Plotting mesh tallies along with the outline geometry in one function call.
This would be very helpful as a mesh tally plot is a very common output for posters, presentations papers.
The function allows lots of options for scaling, log plots, colorbars with args and lots of customizable options for imshow and contour via kwarg
testing of the plot includes some axis attribute checks and checking function runs but I've also been writting scripts to test the geometry like the one below

Checklist

  • I have performed a self-review of my own code
    - [ ] I have run clang-format on any C++ source files (if applicable)
  • I have followed the style guidelines for Python source files (if applicable)
  • I have made corresponding changes to the documentation (if applicable)
  • I have added tests that prove my fix is effective or that my feature works (if applicable)

tally_plotting

Example script to show this function in use

from matplotlib.colors import LogNorm
import matplotlib.pyplot as plt
import openmc

mat1 = openmc.Material()
mat1.add_element("Al", 1.0)
mat1.set_density("g/cm3", 7)

surf_1 = openmc.XPlane(x0=-10)
surf_2 = openmc.XPlane(x0=15)
surf_3 = openmc.YPlane(y0=-5)
surf_4 = openmc.YPlane(y0=20)
surf_5 = openmc.ZPlane(z0=-25)
surf_6 = openmc.ZPlane(z0=25)

region1 = +surf_1 & -surf_2 & +surf_3 & -surf_4 & +surf_5 & -surf_6
cell1 = openmc.Cell(region=region1, fill=mat1)

surf_7 = openmc.XPlane(x0=-35, boundary_type="vacuum")
surf_8 = openmc.XPlane(x0=35, boundary_type="vacuum")
surf_9 = openmc.YPlane(y0=-35, boundary_type="vacuum")
surf_10 = openmc.YPlane(y0=35, boundary_type="vacuum")
surf_11 = openmc.ZPlane(z0=-35, boundary_type="vacuum")
surf_12 = openmc.ZPlane(z0=35, boundary_type="vacuum")
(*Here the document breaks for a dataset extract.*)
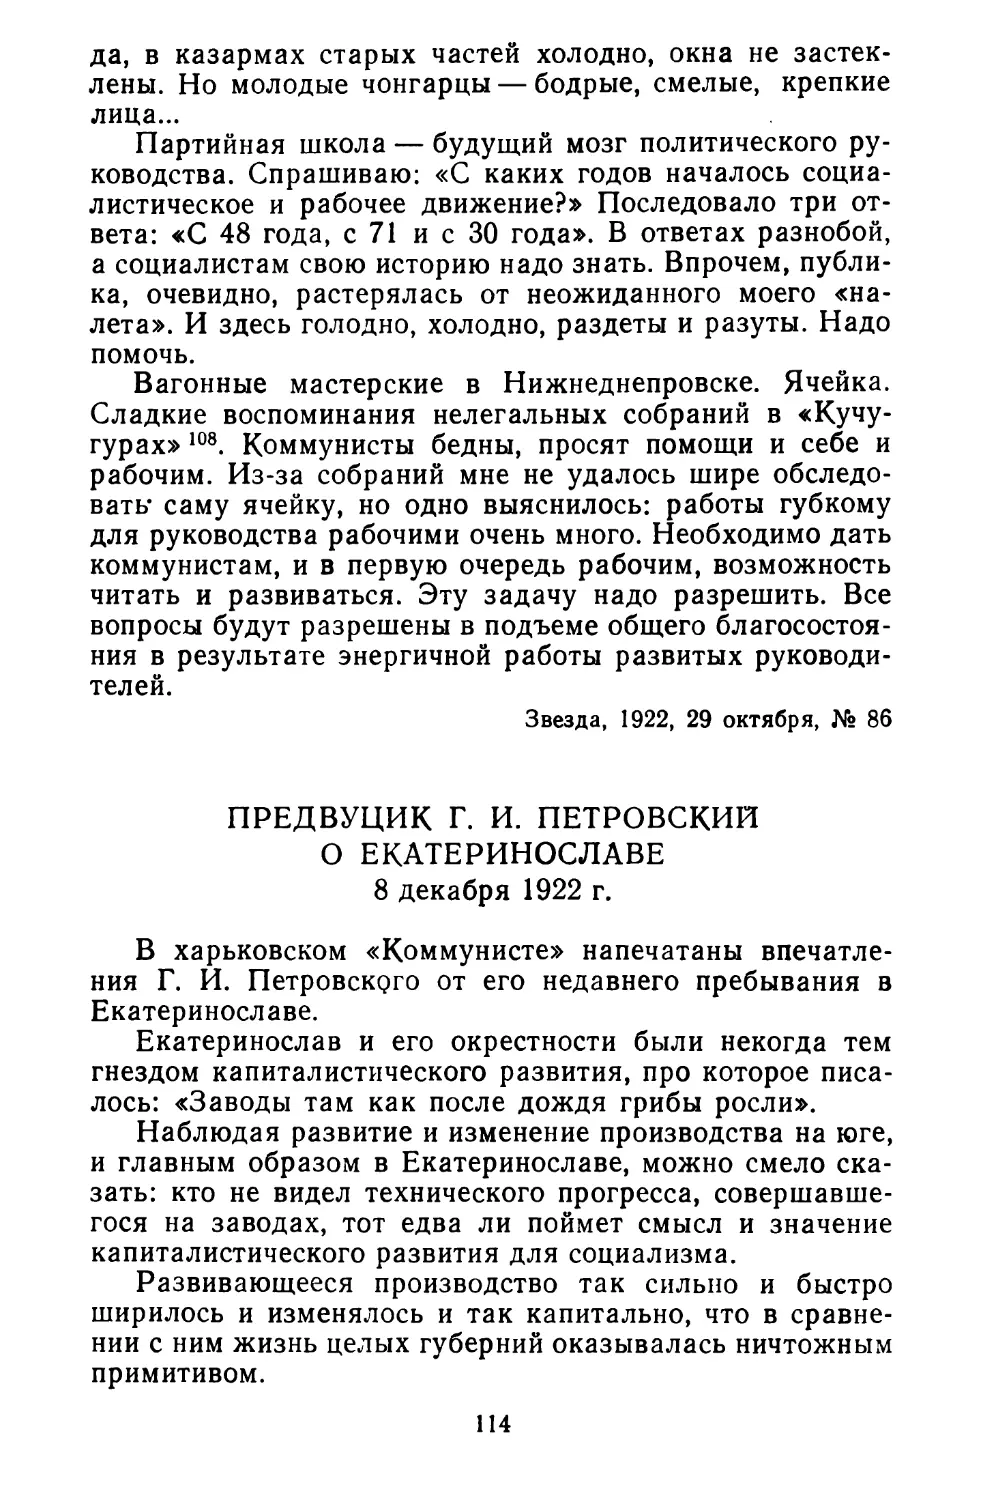 ПредВУЦИК Г. И. Петровский о Екатеринославе. 8 декабря 1922 г.

region2 = +surf_7 & -surf_8 & +surf_9 & -surf_10 & +surf_11 & -surf_12
cell2 = openmc.Cell(region=region2 & ~region1)

my_geometry = openmc.Geometry([cell1, cell2])
ww_r_mesh = openmc.RegularMesh().from_domain(my_geometry)
ww_r_mesh_filter = openmc.MeshFilter(ww_r_mesh)

n_flux_r_mesh_tally = openmc.Tally(name="flux_on_r_mesh")
n_flux_r_mesh_tally.filters = [ww_r_mesh_filter]
n_flux_r_mesh_tally.scores = ["flux", "heating"]

tallies = openmc.Tallies([n_flux_r_mesh_tally])

my_materials = openmc.Materials([mat1])

my_settings = openmc.Settings()
my_settings.batches = 2
my_settings.inactive = 0
my_settings.particles = 100000
my_settings.run_mode = "fixed source"

source = openmc.IndependentSource()
source.angle = openmc.stats.Isotropic()
source.energy = openmc.stats.Discrete([14e6], [1])
source.space = openmc.stats.Point(region1.bounding_box.center)
my_settings.source = source

model = openmc.Model(my_geometry, my_materials, my_settings, tallies)
filename = model.run()

with openmc.StatePoint(filename) as statepoint:
    neutron_tally = statepoint.get_tally(name="flux_on_r_mesh")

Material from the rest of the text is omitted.